XHIO-FM
- Tuxtla Gutiérrez, Chiapas; Mexico;
- Frequency: 91.1 FM
- Branding: La Poderosa

Programming
- Format: Grupera and tropical music

Ownership
- Owner: Organización Radiodifusora Mexicana; (Radiodifusora XEIO-AM, S.A. de C.V.);
- Operator: Grupo AS Comunicación
- Sister stations: XHRPR-FM, XHUE-FM, XHLM-FM

History
- First air date: March 6, 1983 (concession)

Technical information
- ERP: 25 kW
- Transmitter coordinates: 16°45′20″N 93°08′58″W﻿ / ﻿16.75556°N 93.14944°W

Links
- Webcast: Listen live
- Website: grupoasradio.com

= XHIO-FM =

Radio station in Tuxtla Gutiérrez, Chiapas, Mexico

XHIO-FM is a radio station on 91.1 FM in Tuxtla Gutiérrez, Chiapas, Mexico.
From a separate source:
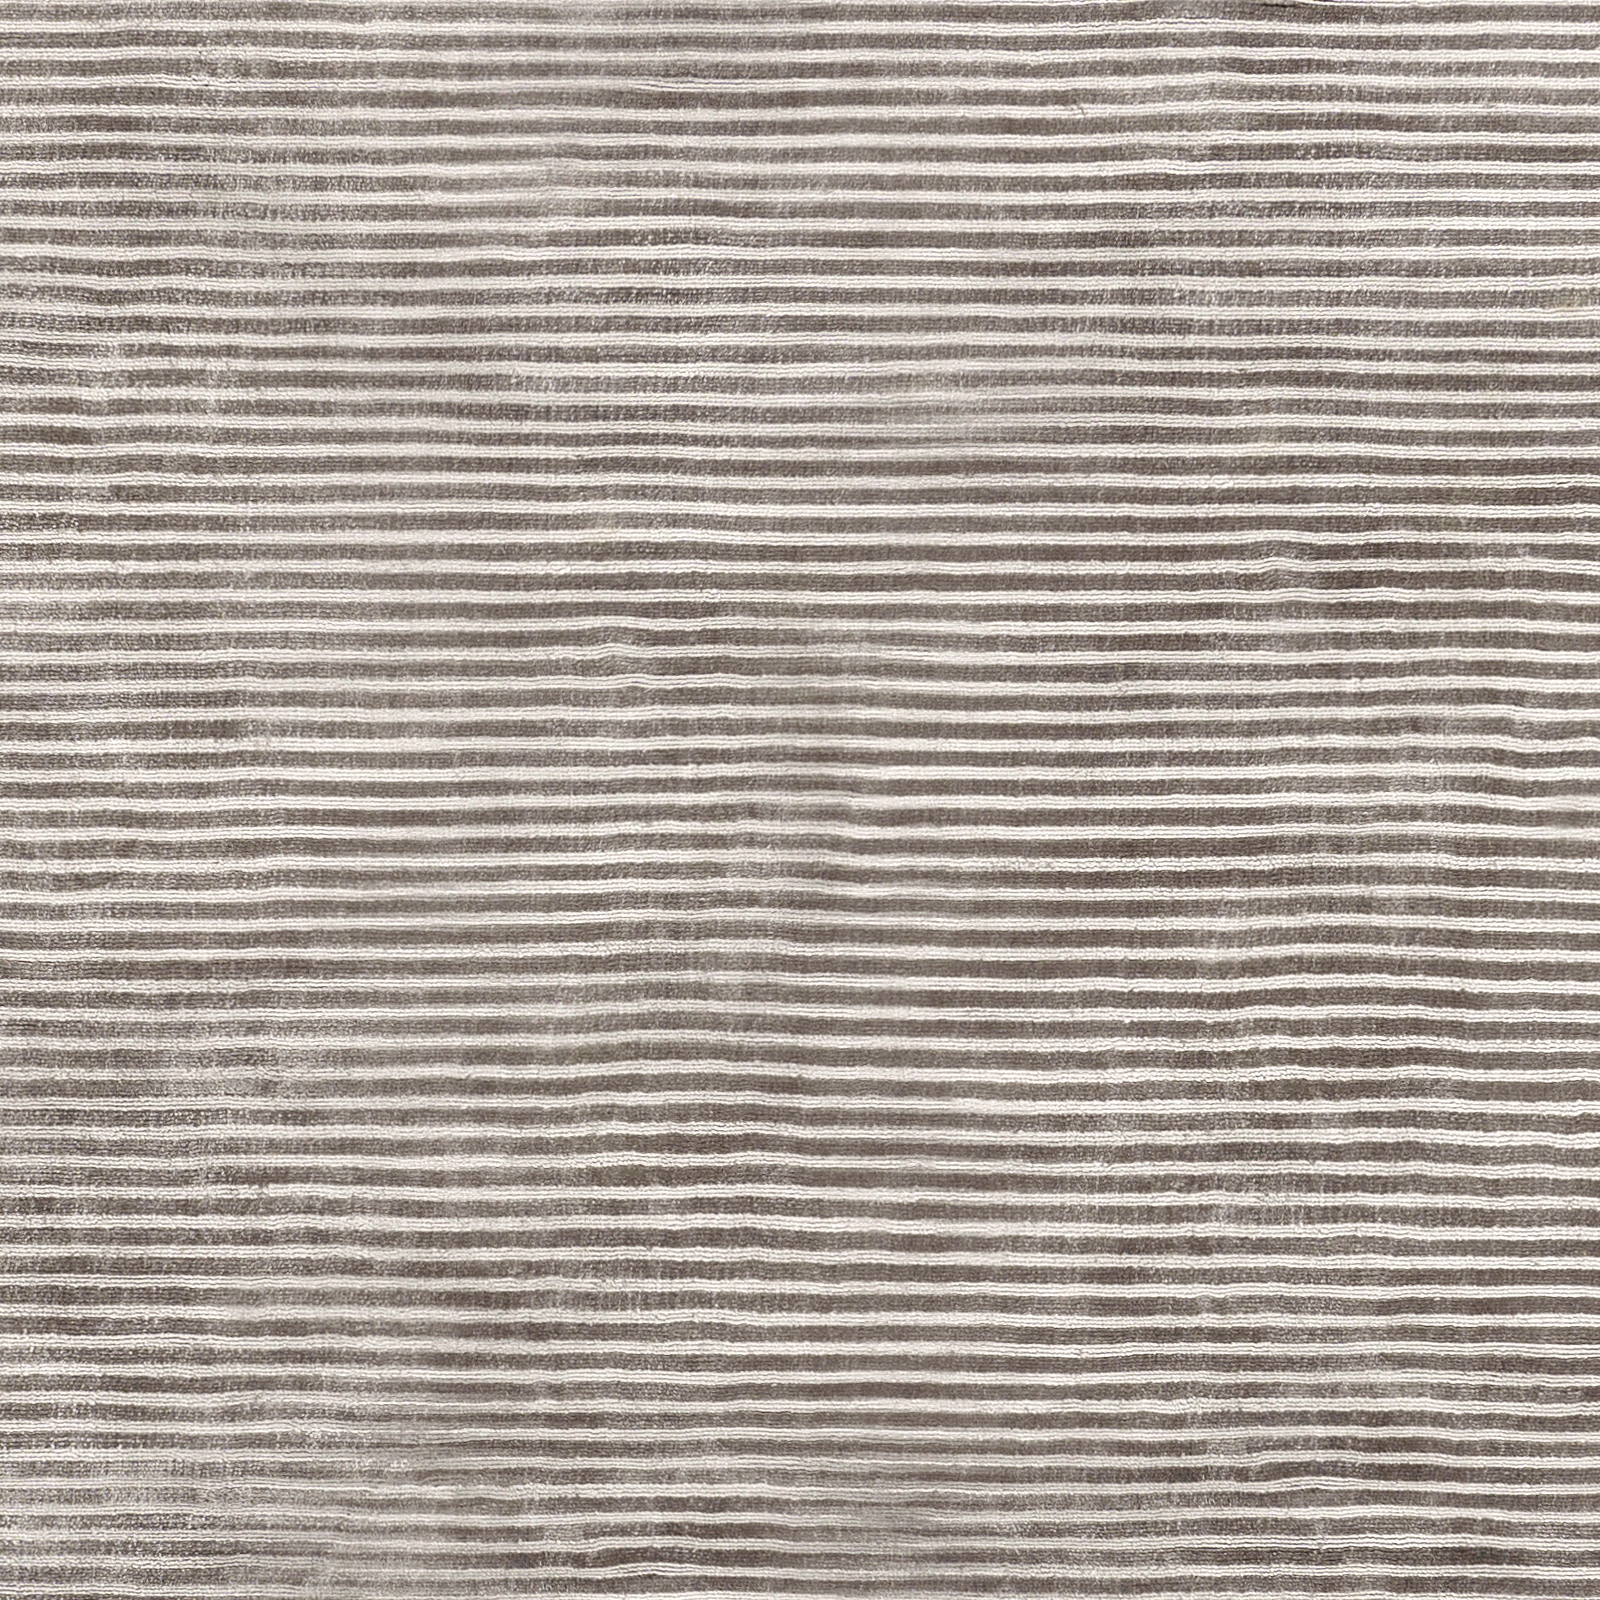 Graphite Rug, 12' x 15' - Image 2

The station is known as La Poderosa with a grupera and tropical music format.

==History==
XEIO-AM 840 received its concession on April 7, 1983, which is when it first came on the air. It was owned by Radiofónica de Chiapas, S.A. de C.V. and broadcast as a 10 kW daytimer. It later added nighttime transmissions at 2.5 kW.

It received clearance to move to FM in 2012.